Illustration by James Stanton

Illustration by James Stanton

Bonsai Your Buds

A few weed growers are playing with the willowy nature of cannabis plants

Bonsai pot plants are the stuff of stoney legend, but are they possible to grow?

In the horticultural world, growing bonsai trees is both a skill and an art. An expression of zen, to practice bonsai is a form of self-development. It is looked at as a lifelong pursuit, with some bonsai trees living hundreds of years and being passed down through families.

The art of bonsai, which translates to “a tree in a shallow pot,” was developed by the Chinese, who used dwarf trees. They introduced the practice to the Japanese, who took it one step further and used regular-sized trees that they learned to train down to miniature versions. Bonsai artists can miniaturize almost any plant, and one popular realm of bonsai is cultivating tiny fruit trees that produce edible fruit.

For years, stories have floated around about people who have grown “bonsai’d” pot plants: tidy, miniature versions of weed plants, kept on desktops or window sills, which occasionally produce a smokeable nug. In our world of shrinking living spaces, who wouldn’t want the convenience of a countertop-sized grow-op, from which one could reach over and pluck a fresh nug anytime they wanted?

However, the reality is less straightforward. Bonsai growers traditionally pick plants that can be cultivated to look like massive trees with thick, gnarled, trunks and tiny leaves, as well as plants that can potentially live hundreds of years. Cannabis, on the other hand, notoriously grows tall and thin. The growth cycle is measured in weeks. Further, once a plant produces flowers, that is usually the end of its life cycle, as the effort often kills it or weakens it significantly.

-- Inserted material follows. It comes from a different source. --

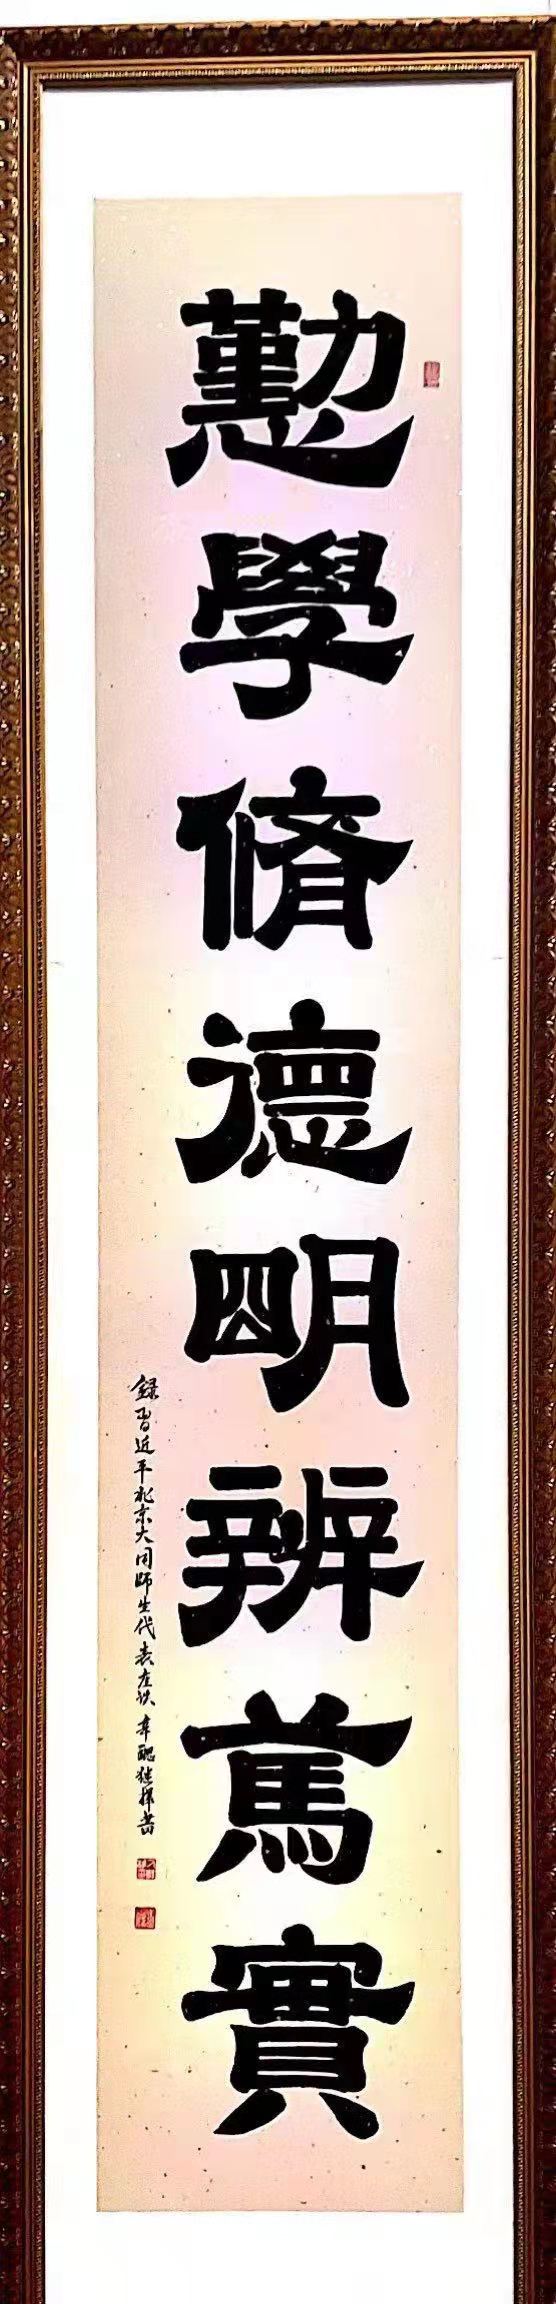 中国大众文化学会名人书画艺术发展委员会——刁继桦

A few weed growers out there are playing with cannabis’ willowy nature, using floral wire to bend and shape the “trunks” of their pot plants. Utilizing bonsai pruning techniques, they can train small branches to grow away from the main stem and create a full tree-like profile, but the result is the same: Once the plant produces buds—and that is usually why people grow weed—they wither and die. Some bonsai pot growers insist that sacrificing the top third of the plant after harvest and cutting off all yellowing leaves will kick off another growth cycle, and the plant doesn’t have to be killed after a harvest. So, technically, yes, pot plants can be bonsai’d, but it is super-tricky and generally short-lived, and the grower will most likely have to choose between cultivating the plant for the art or cultivating the plant for buds.

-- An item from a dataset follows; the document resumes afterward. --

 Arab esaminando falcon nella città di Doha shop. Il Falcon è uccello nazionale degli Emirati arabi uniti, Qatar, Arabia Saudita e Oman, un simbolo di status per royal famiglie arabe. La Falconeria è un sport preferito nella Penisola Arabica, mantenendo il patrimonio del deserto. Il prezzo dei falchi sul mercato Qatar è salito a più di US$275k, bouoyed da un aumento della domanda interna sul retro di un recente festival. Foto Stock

Nevertheless, all is not lost, thanks to the rapidly increasing popularity of micro-growing. Intrepid gardeners can tuck plants in anywhere they have space, modifying other elements such as light and ventilation to suit the situation. Starting with the right strain is essential. Sativas usually grow very tall, increasing their height by 200–300 percent during the flowering phase, while indica-based plants tend to stay short and shrubby, growing only 50–100 percent during the flowering stage. Producers have also created auto-flowering strains by crossbreeding indicas and sativas with cannabis ruderalis, a compact and bushy type of weed that has a naturally short flowering time and even needs less light.

A little research will provide plenty of tips on lighting, soil, and nutrients best suited to micro-growing. So while you might not reap pounds of weed, you will get to try your hand at cannabis cultivations, and perhaps cultivate a little zen in the process.